I have rehabbed fear aggressive dogs before. It takes time, patience and a lot of learning and work on your part. Using physical corrections carries a VERY high risk with these kinds of dogs as it usually amps them up even further and may also take away the cues you need to be able to interrupt a reaction. You need the dog to trust and respect you and not fear you so you want to use positive reinforcement and counter conditioning as the basis of any training and behavioral modification program you use. 

Also, my fear aggressive dog did not look fearful (he ran straight at people with teeth barred) but he was. 

It sounds like you love your puppy very much so keeping him and rehabbing is probably the way to go. Yes you will have to watch him like a hawk but at his age he should come around.


----------



## selzer (May 7, 2005)

How old was Tessa when you got her?


----------



## dgon27 (Mar 12, 2008)

selzer said:


> How old was Tessa when you got her?


4 months


----------



## celiamarie (Feb 18, 2006)

any chance on getting a video of Bode soon?


----------



## selzer (May 7, 2005)

dgon27 said:


> 4 months


I was curious because if you got her when she was full grown, then maybe you were not used to normal puppy behavior. 

Still, you puppy COULD still be a normal puppy, your bitch may just have been an easy, compliant pup; while the dog pup has a different personality.

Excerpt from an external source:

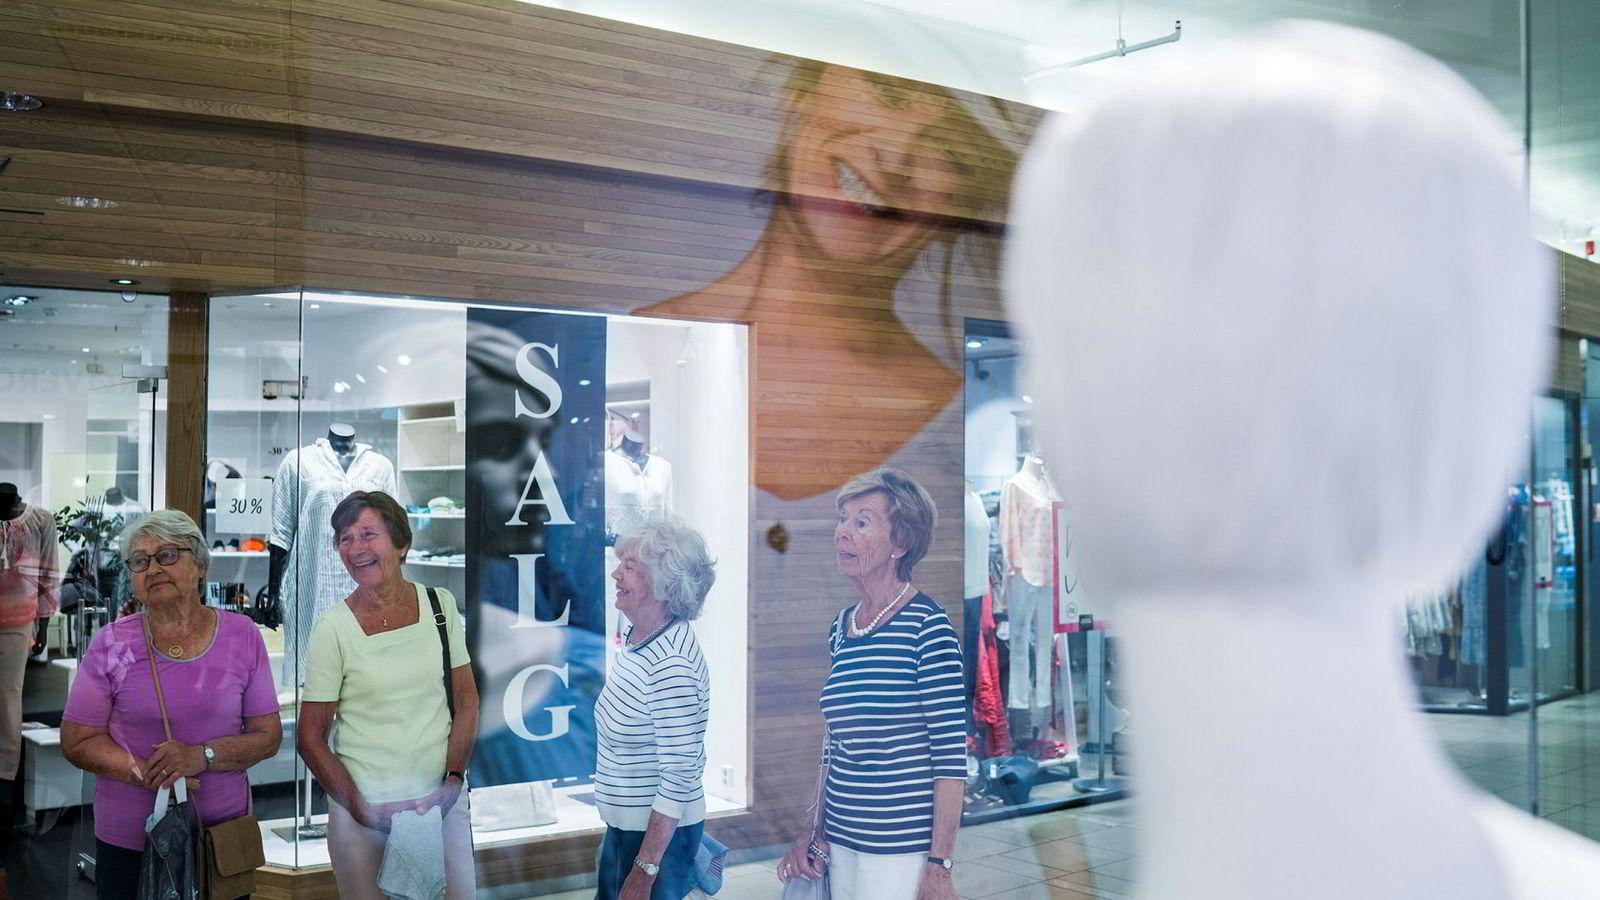 Kleskjeden PM (tidligere Personlig mote) har butikker over hele landet og har rettet seg inn mot en godt voksen målgruppe. Her fra butikken på Sandvika Storsenter.
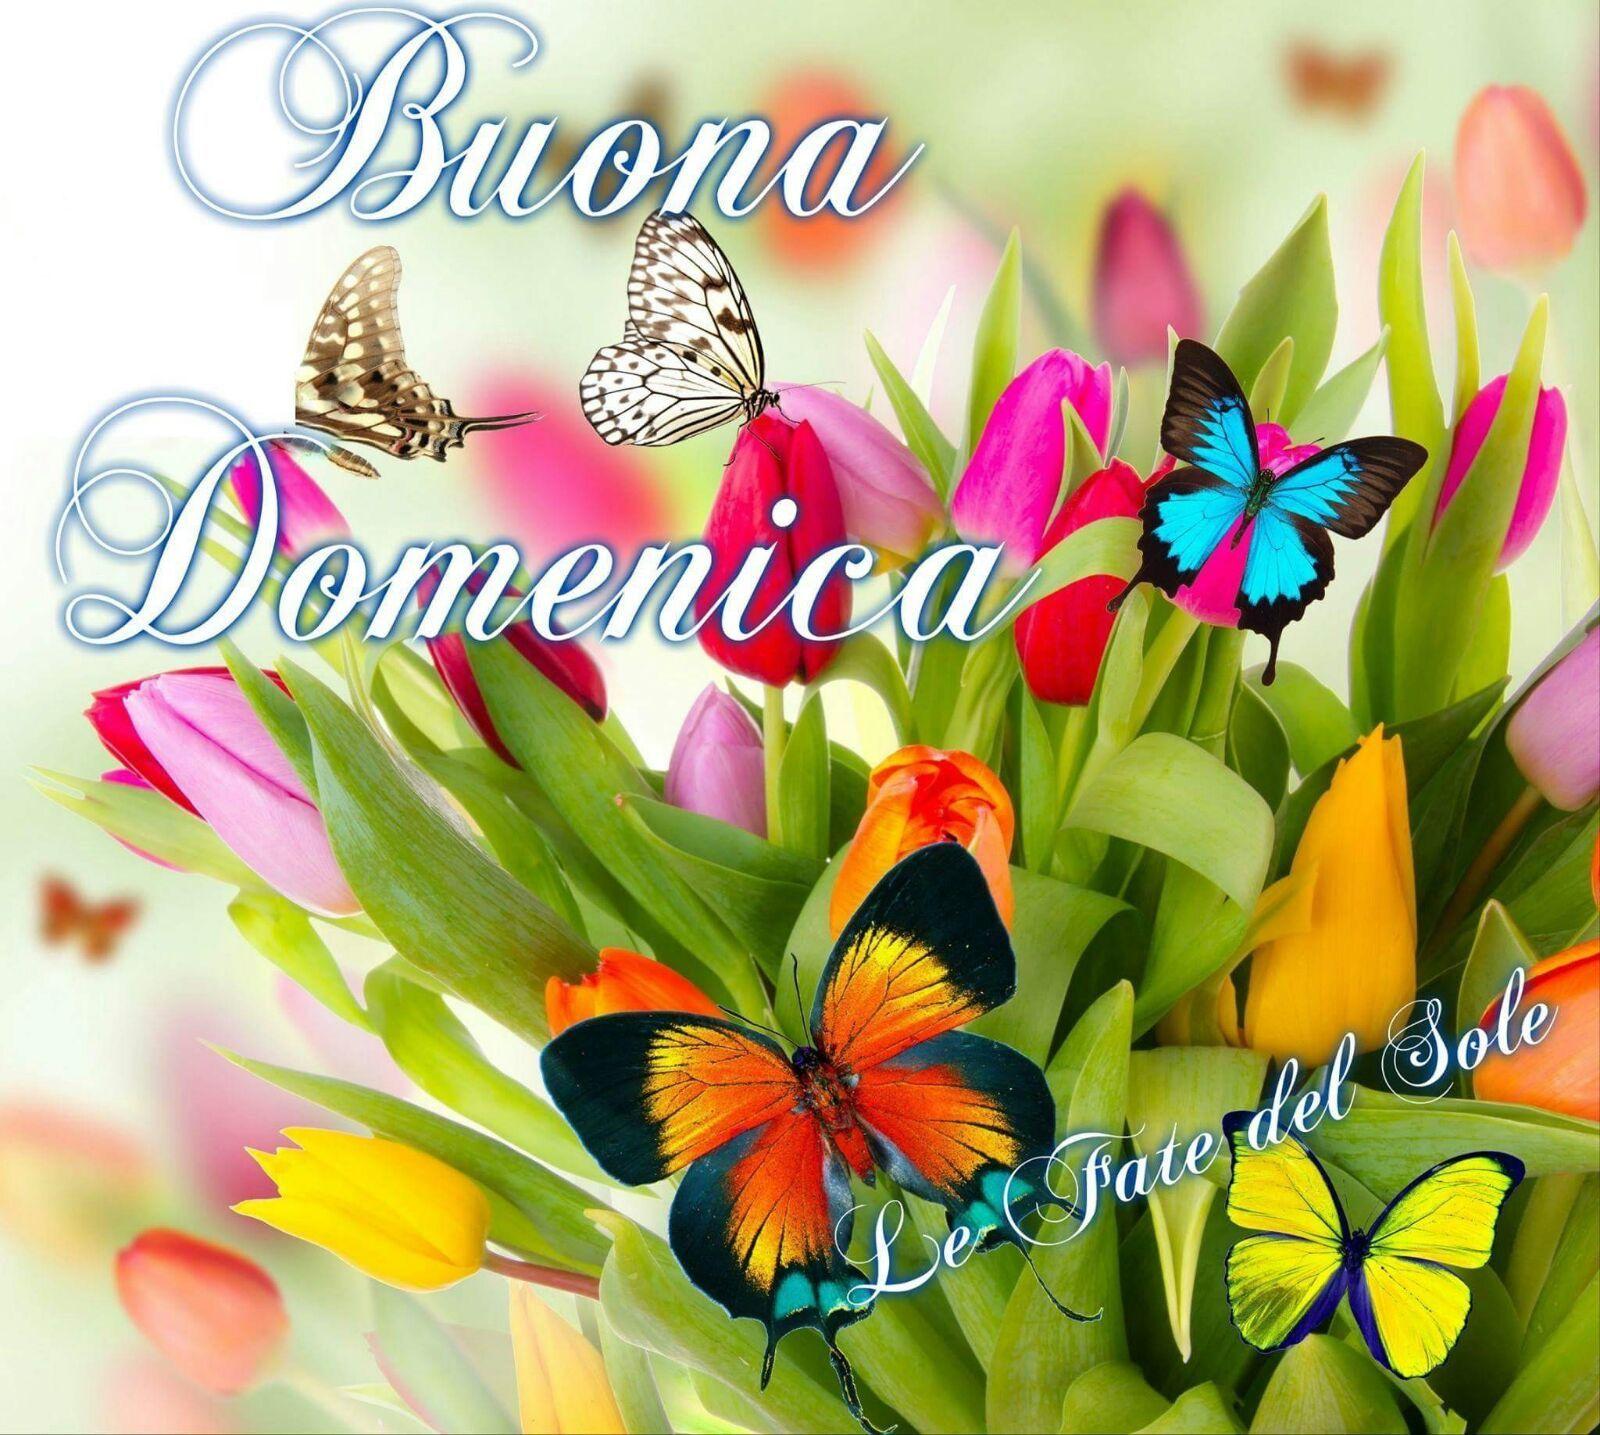 Buongiorno Buon Giorno Italia Buongiorno Buona Domenica

Lots of people find females easier to train than males. It sounds like this little guy will need more leadership, training, and socialization than your bitch needed. Work through fear periods with consistancy and stepping back a little and try not to overwhelm the puppy. 

With continued training and patience and persistance, in another nine years, he will be the best dog around.


----------



## dgon27 (Mar 12, 2008)

So many things to think about. Getting kind of overwhelmed. Thanks for everyones input, help and concerns. Still up in the air.


----------



## JeanKBBMMMAAN (May 11, 2005)

Are you near here? 
Adler Stein Kennels-German Shepherds-German Shepherd Puppies-Working Line German Shepherds


----------



## dgon27 (Mar 12, 2008)

JeanKBBMMMAAN said:


> Are you near here?
> Adler Stein Kennels-German Shepherds-German Shepherd Puppies-Working Line German Shepherds


A little over 2 hours away.


----------



## dgon27 (Mar 12, 2008)

Update:
I took my guy to the breeders house today. She said that Bode is not aggressive. Just unsure and a little fearful of all this new stuff. He kind of got punked by an older dog, but it was good for him. He realized that he is not the king. He also got to run around with with one of his littermates. When we first got there, Bode barked at the breeder. She walked right up to him and pet him. He was fine after that. Well, wish us luck. I hope all goes well. Fingers crossed.


----------



## Jax08 (Feb 13, 2009)

That's wonderful! It's always great when you can have another person evaluate what is going on.


----------



## dgon27 (Mar 12, 2008)

So, we have decided not to give Bode back to the breeder. I think I kind of always knew it 

Well, here are a few videos of him and his behavior.

Bode at my mom's in the front yard watching my nephew. 09/01/2010




 
Bobe at my house barking at my niece while in his pen. 09/09/10




 
Bode at my house barking at my niece through the glass door. 09/09/10




 




 
Any opinions? Does anyone see any problem I should be worried about? He kind of does the same thing to our other dogs while in his pen.

Thanks


----------



## Suka (Apr 9, 2004)

I just read up on this thread. From what I see in these videos (very helpful thank you for posting these) and your descriptions, you have a normal five month old German Shepherd that will need a lot of interaction as well as physical and mental exercise. In these videos, all I see is a bored, energetic puppy who is feeling "teased" by what's going on outside of his little pen and on the other side of the door. Your corrections in the first video sound "bored" and like you are giving him "half attention". (I would not personally focus on being corrective for this anyway but I wanted to point out my observation). Can I also tell you right here and now that I personally giggled to myself when he sauces you in the video (barked in response to your first "no") 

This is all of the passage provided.